## GIVEN MATERIAL
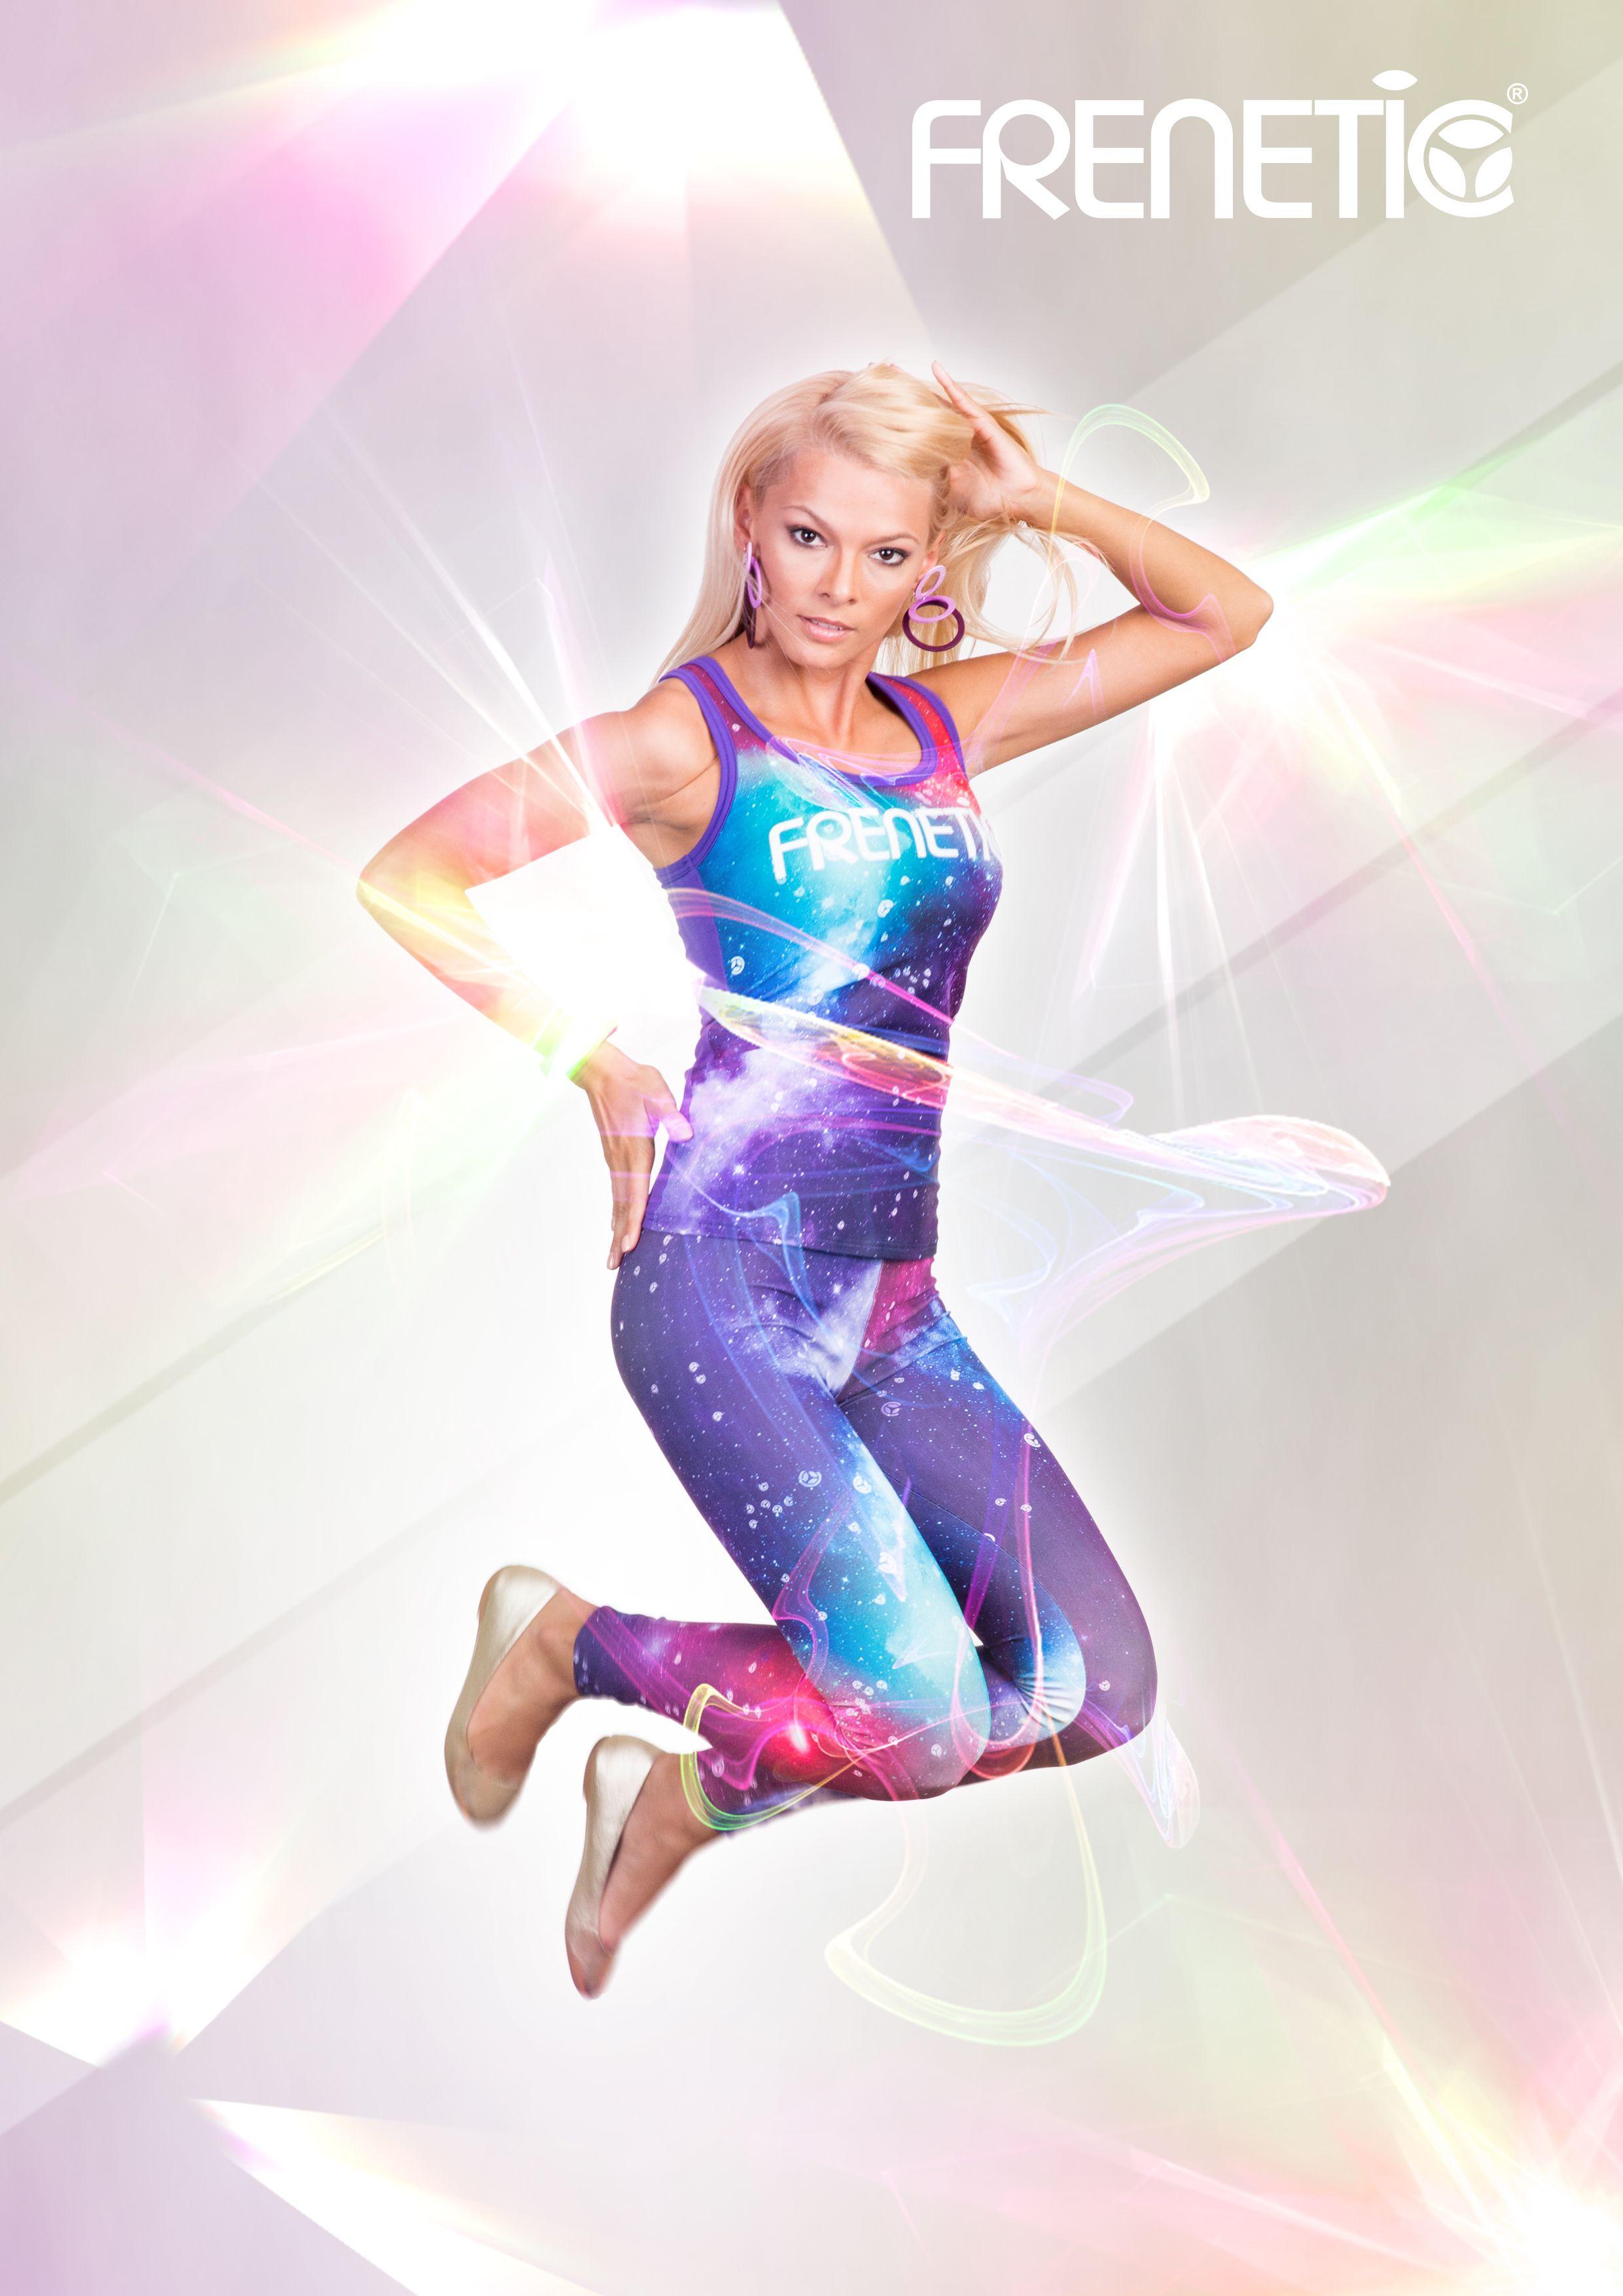 f5e01c261a Frenetic Fitness Clothes (freneticsport) on Pinterest
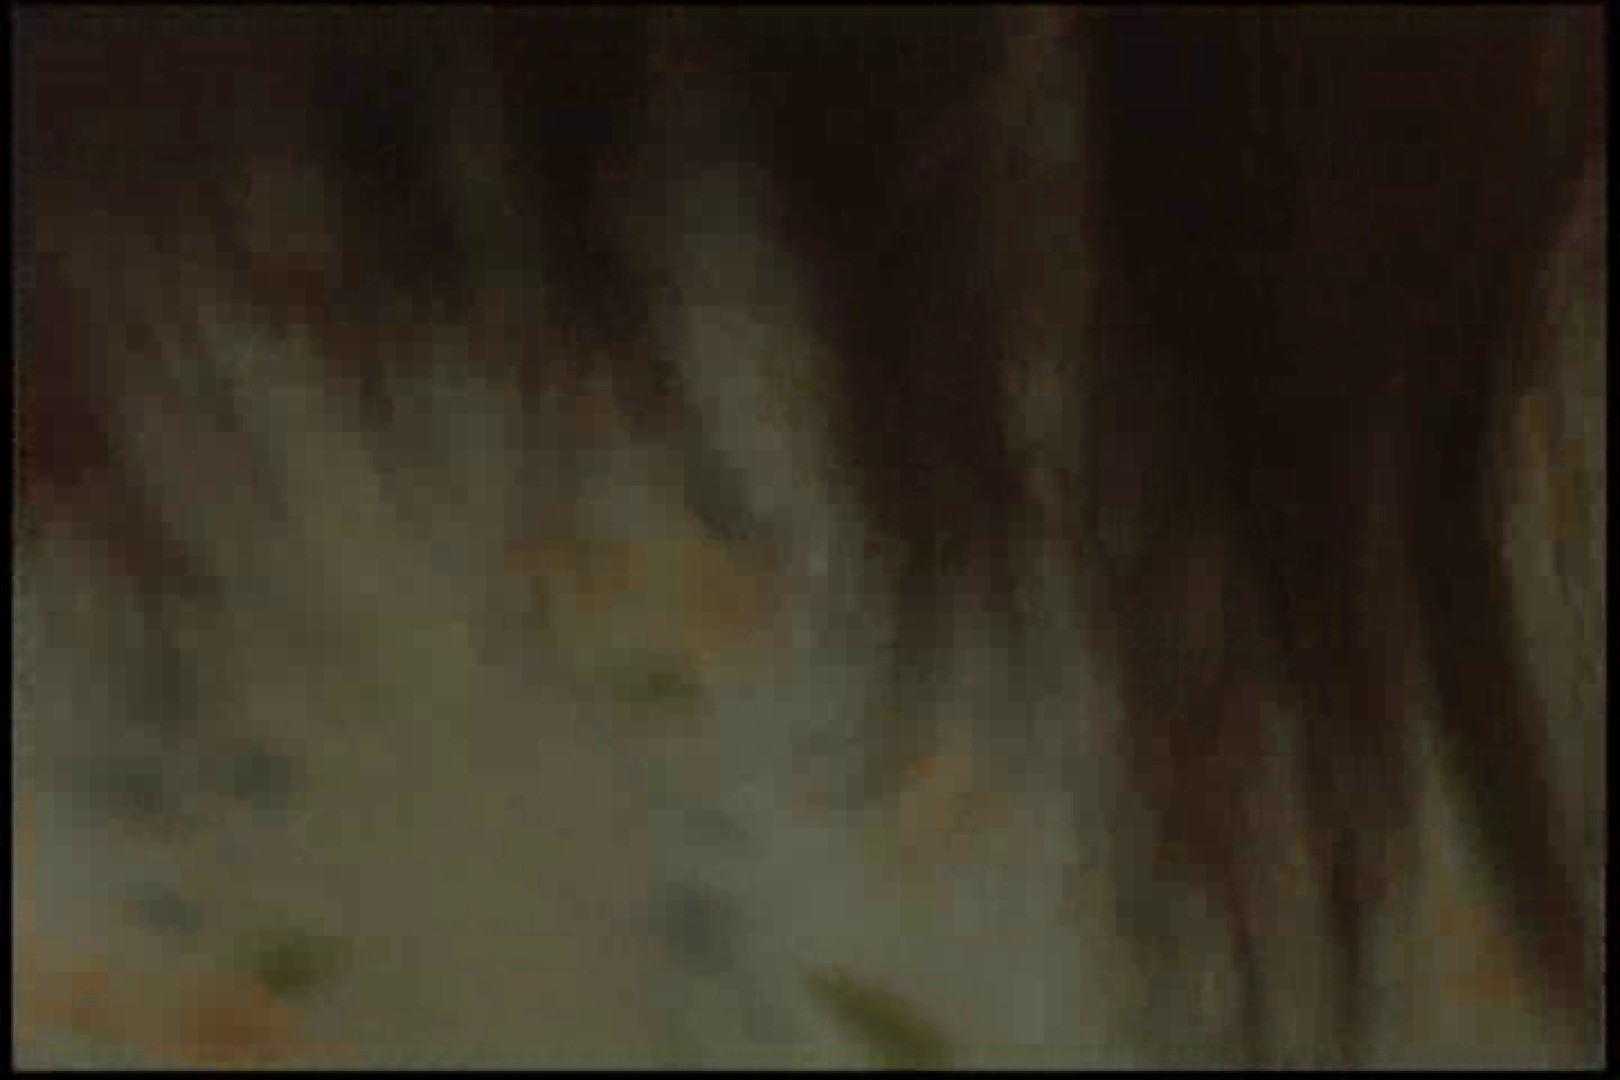 Hなフェロモン漂わせまくりな美人妻 佐々木薫子 悶え声 ワレメ無修正動画無料 73pic 35
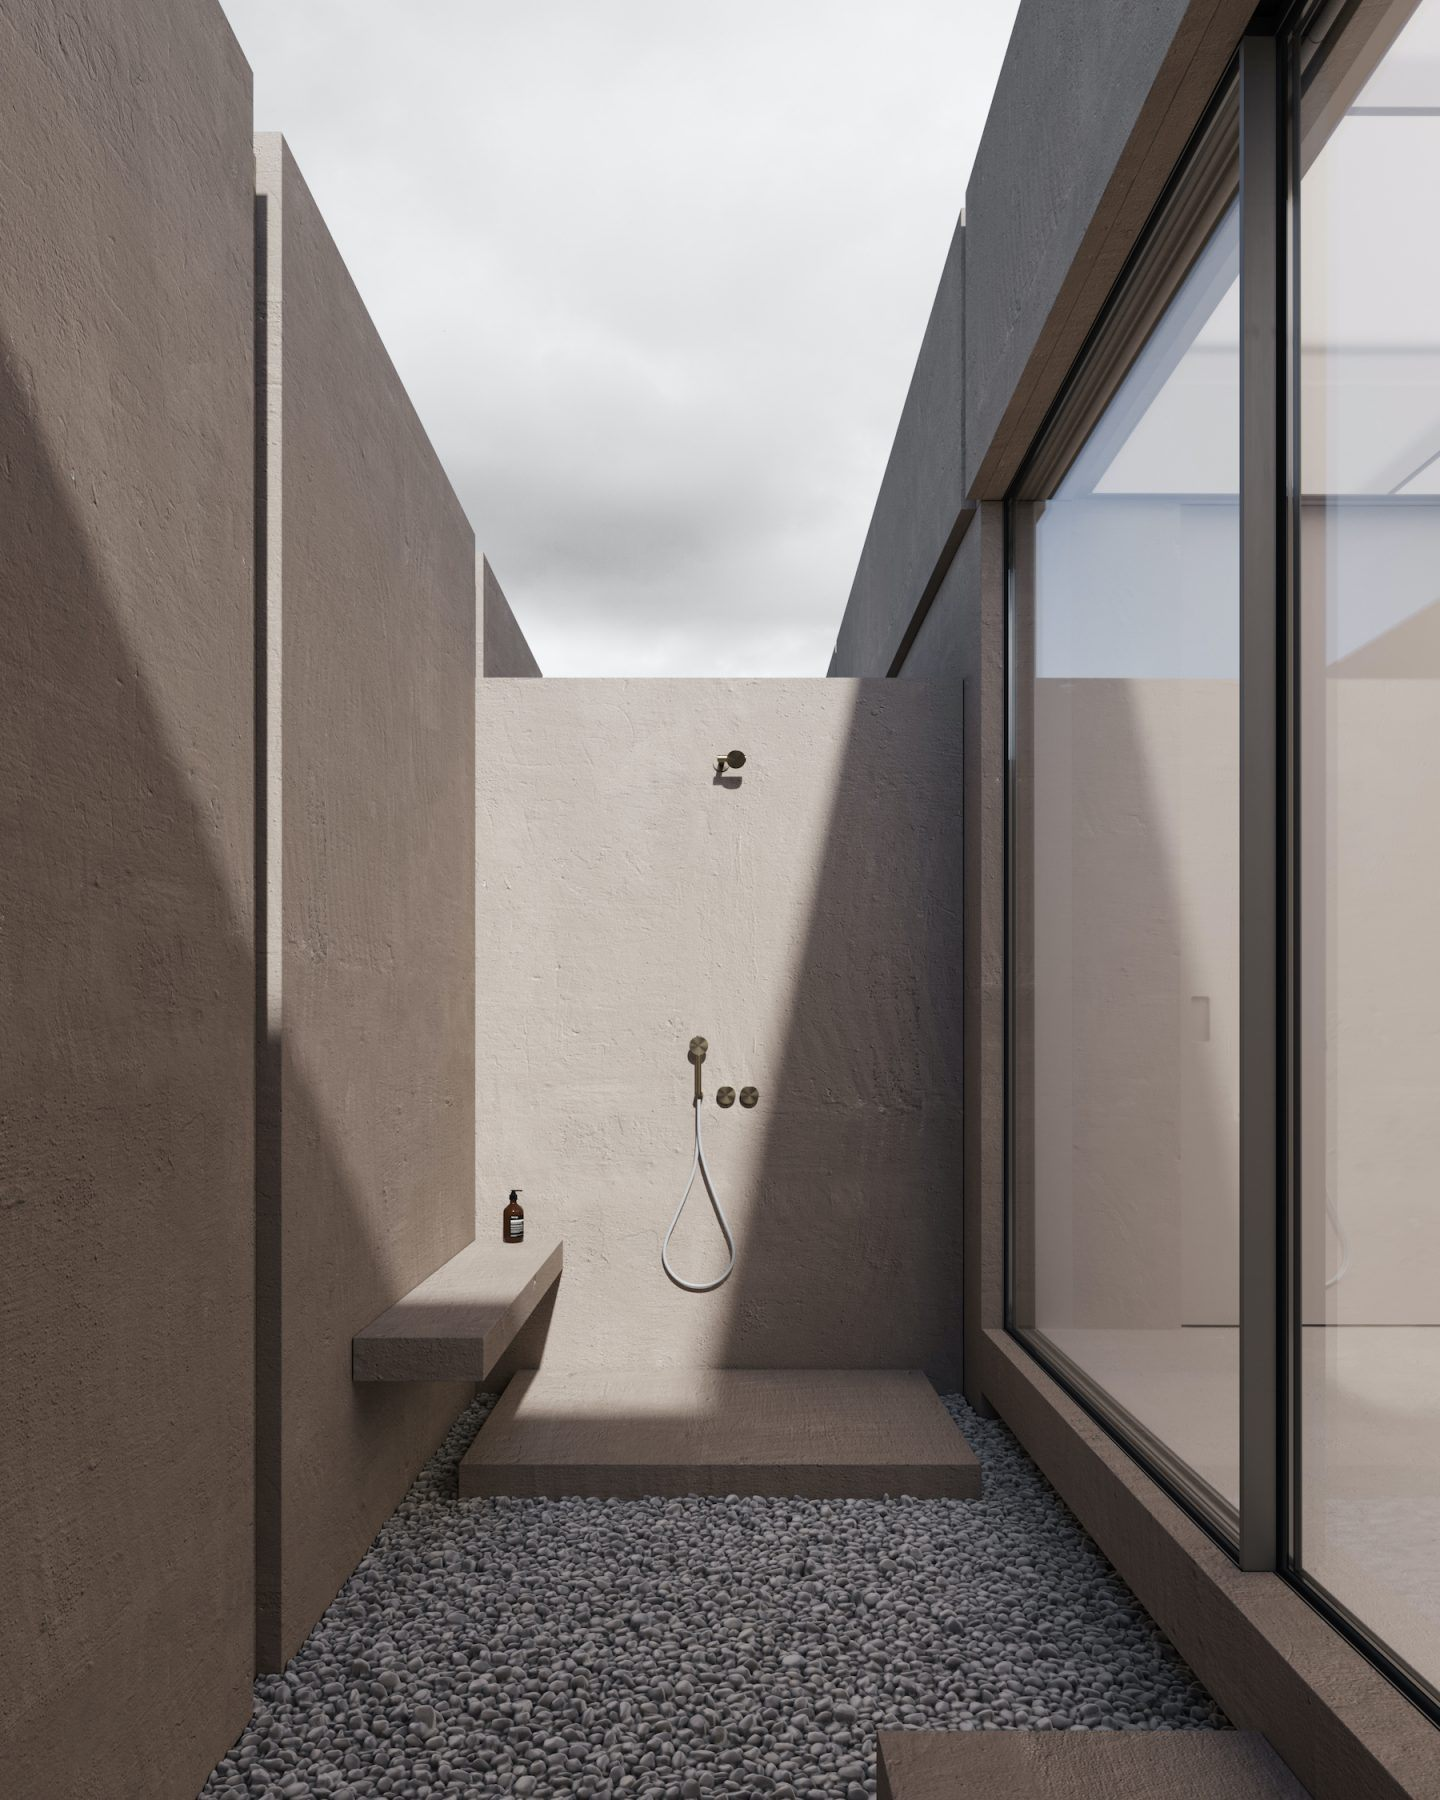 IGNANT-Design-Kanstantsin-Remez-II-Introvert-Residence-016
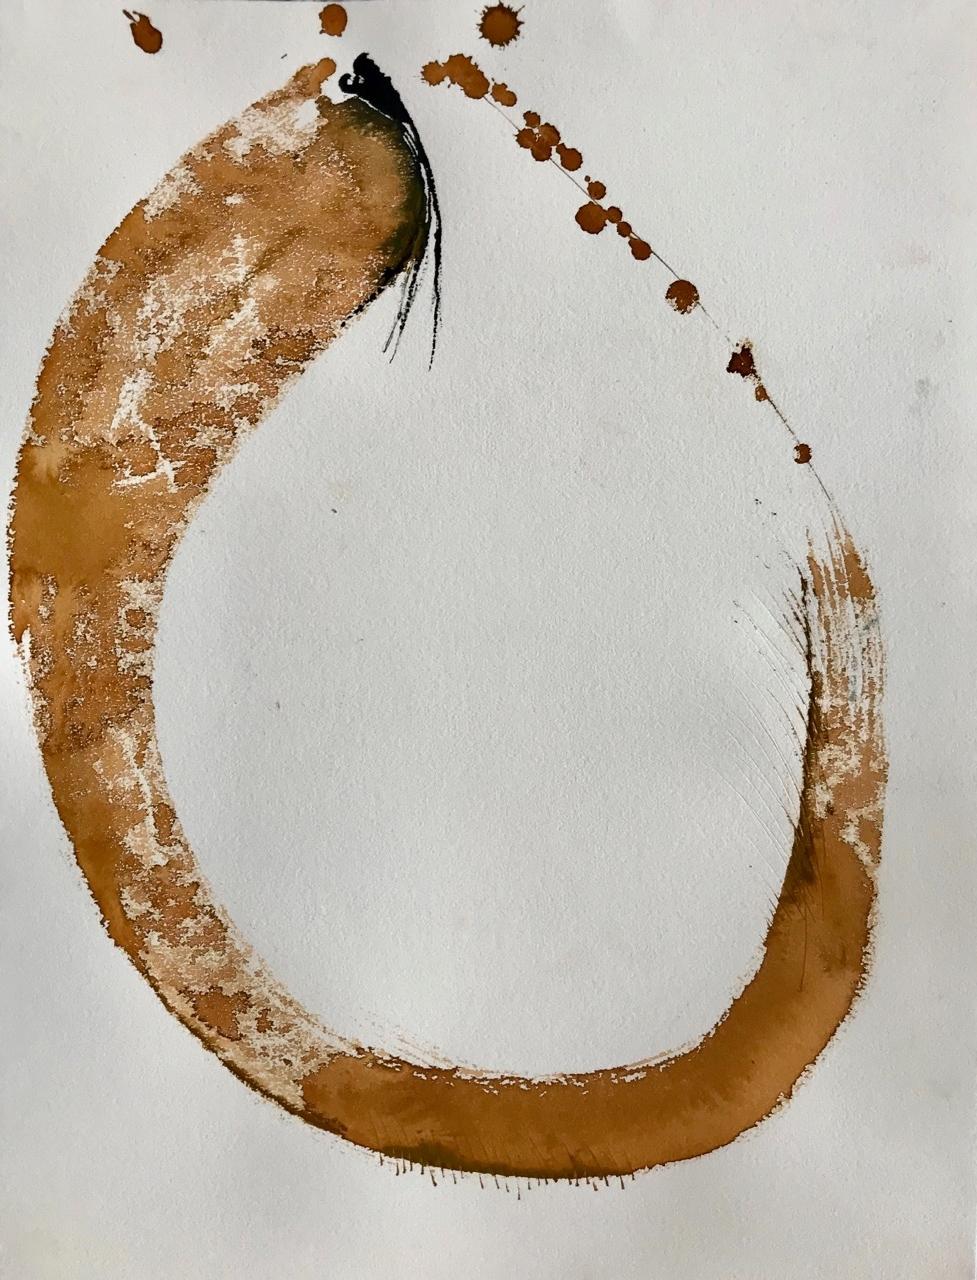 Bananana, Pt.4, Aquarell und Tusche auf Papier, 46 x 61 cm, 2018

## INSTRUCTIONS TO FOLLOW
Print the listing exactly, minus its pictures.

## SOLUTION TO THIS EXERCISE
 f5e01c261a Frenetic Fitness Clothes (freneticsport) on Pinterest
 Hなフェロモン漂わせまくりな美人妻 佐々木薫子 悶え声 ワレメ無修正動画無料 73pic 35
 IGNANT-Design-Kanstantsin-Remez-II-Introvert-Residence-016
 Bananana, Pt.4, Aquarell und Tusche auf Papier, 46 x 61 cm, 2018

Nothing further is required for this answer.